Pourtant, pendant l’été qui a précédé ma deuxième année, quelque chose s’est passé dans la vie de S. Lors de la rentrée suivante, son comportement s’était apaisé, il avait gagné en maturité, et incitait les autres jeunes à mieux se comporter, et venait même en soutien de l’adulte pour gérer certaines situations. J’étais impressionnée par les progrès qu’il avait fait, et valorisai autant que je pouvais ces changements dans sa vie et sa manière d’être. Nos relations, bien évidemment, se sont de ce fait grandement améliorées.
S. était simplement un jeune qui avait besoin qu’un adulte lui porte de l’attention, et reconnaisse sa valeur. Et j’espère avoir laissé chez lui un bon souvenir, après le dernier échange que j’ai pu avoir quand il a obtenu son diplôme, à la fin de ma dernière année de travail dans cet établissement scolaire.
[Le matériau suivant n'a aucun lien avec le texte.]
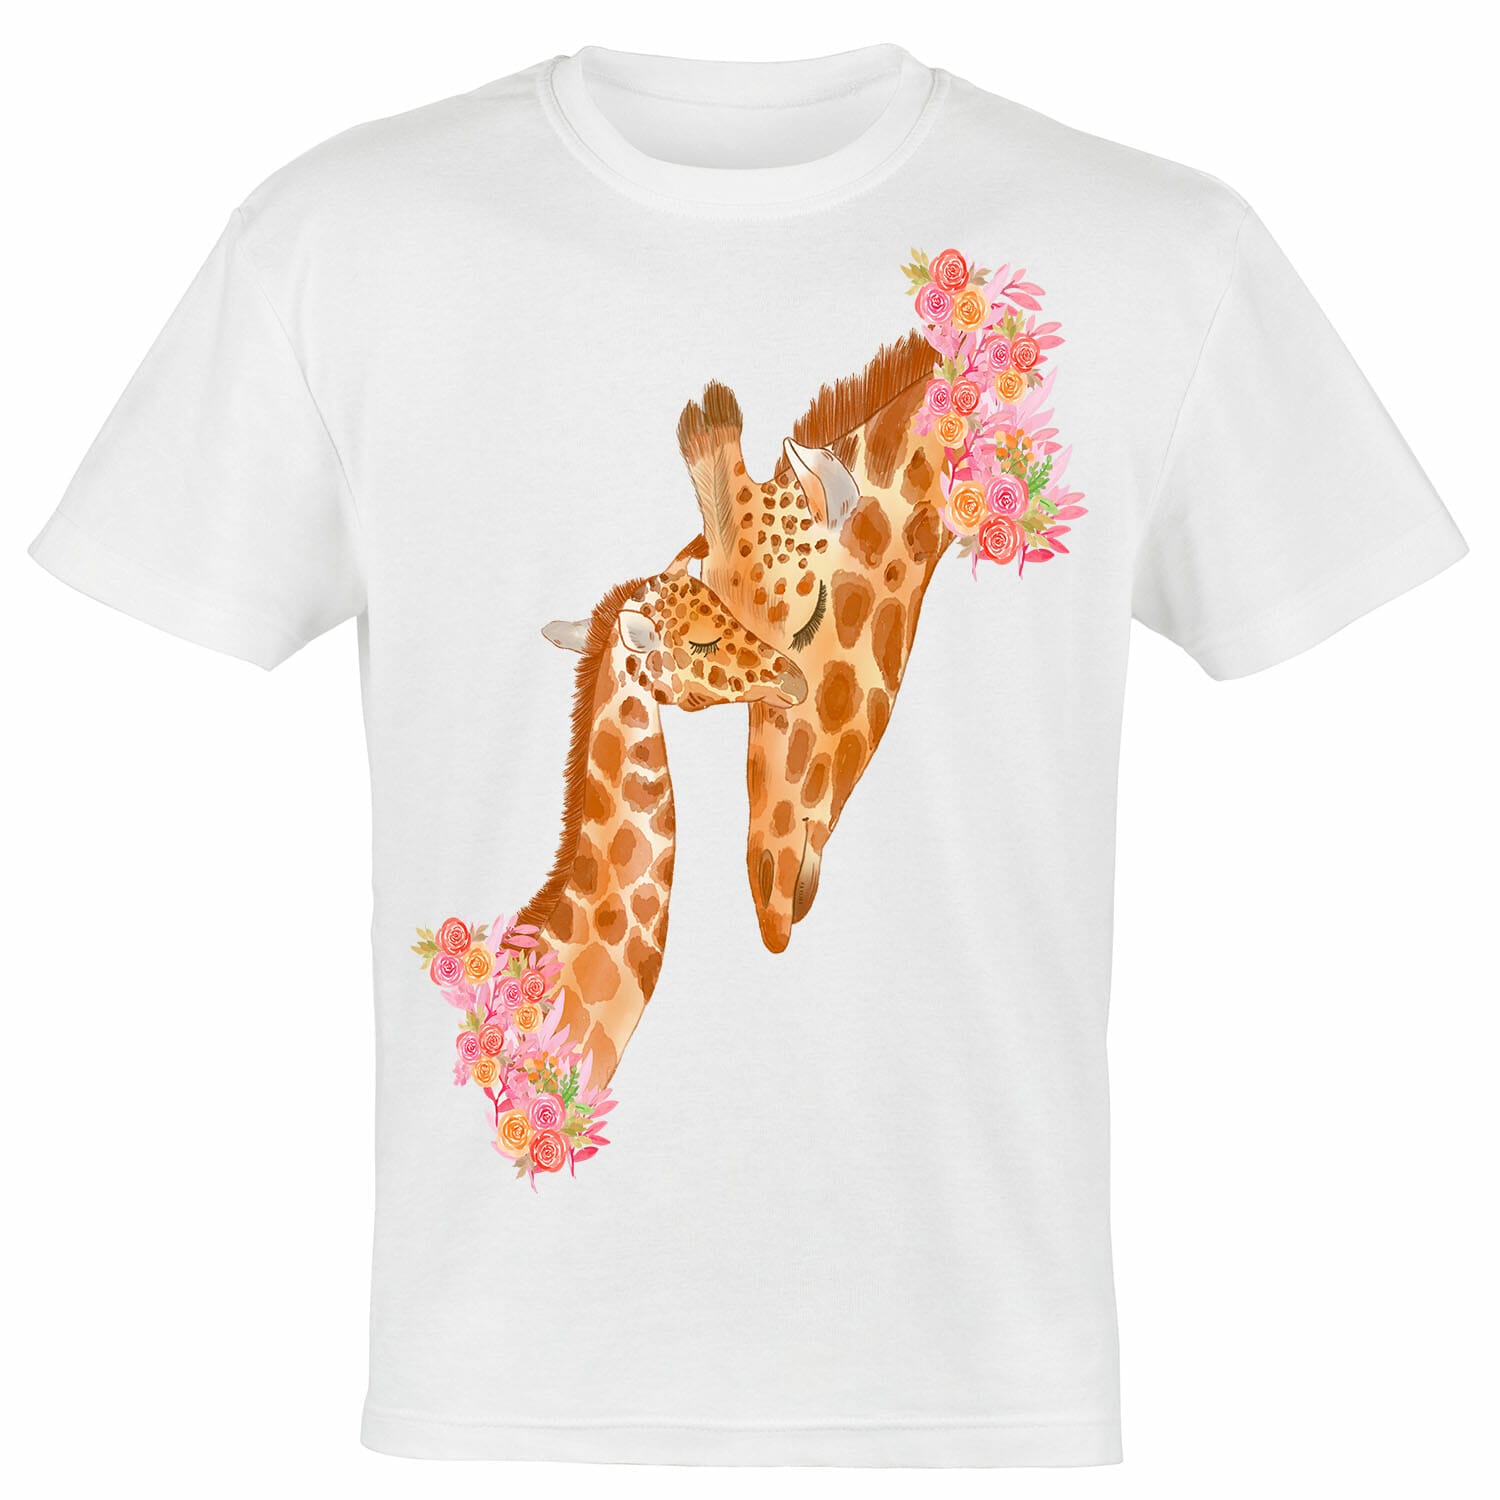 Mom And Baby Giraffe Tshirt Design

J’étais au bureau, et S. vient pour récupérer un papier. J’avais appris qu’il était diplômé. Nous étions seuls dans le bureau, et je me dis que c’était le moment de lui prouver qu’un adulte pouvait reconnaître ses efforts et sa valeur, car il avait prouvé cette année qu’il était capable d’évoluer d’une manière remarquable. Je le pris donc à parti.

« Tu sais, S. J’avais envie de te le dire, nos relations ont été difficiles l’année dernière, je sais que je criais beaucoup mais j’étais très fatiguée. En tous cas j’ai vu les efforts et les progrès que tu as fait cette année, dans ton comportement, et là tu as ton diplôme… Alors voilà. Je te souhaite le meilleur, je suis sûre que tu réussiras dans tes projets. Je suis fière de toi. »

Il ne m’a rien répondu, ou presque. Juste un « Merci ». C’était de toutes façons un gamin réservé, et je respecte ça. Mais son visage, lui, a tout de suite changé d’expression. Et je n’oublierai jamais la manière dont il s’est illuminé.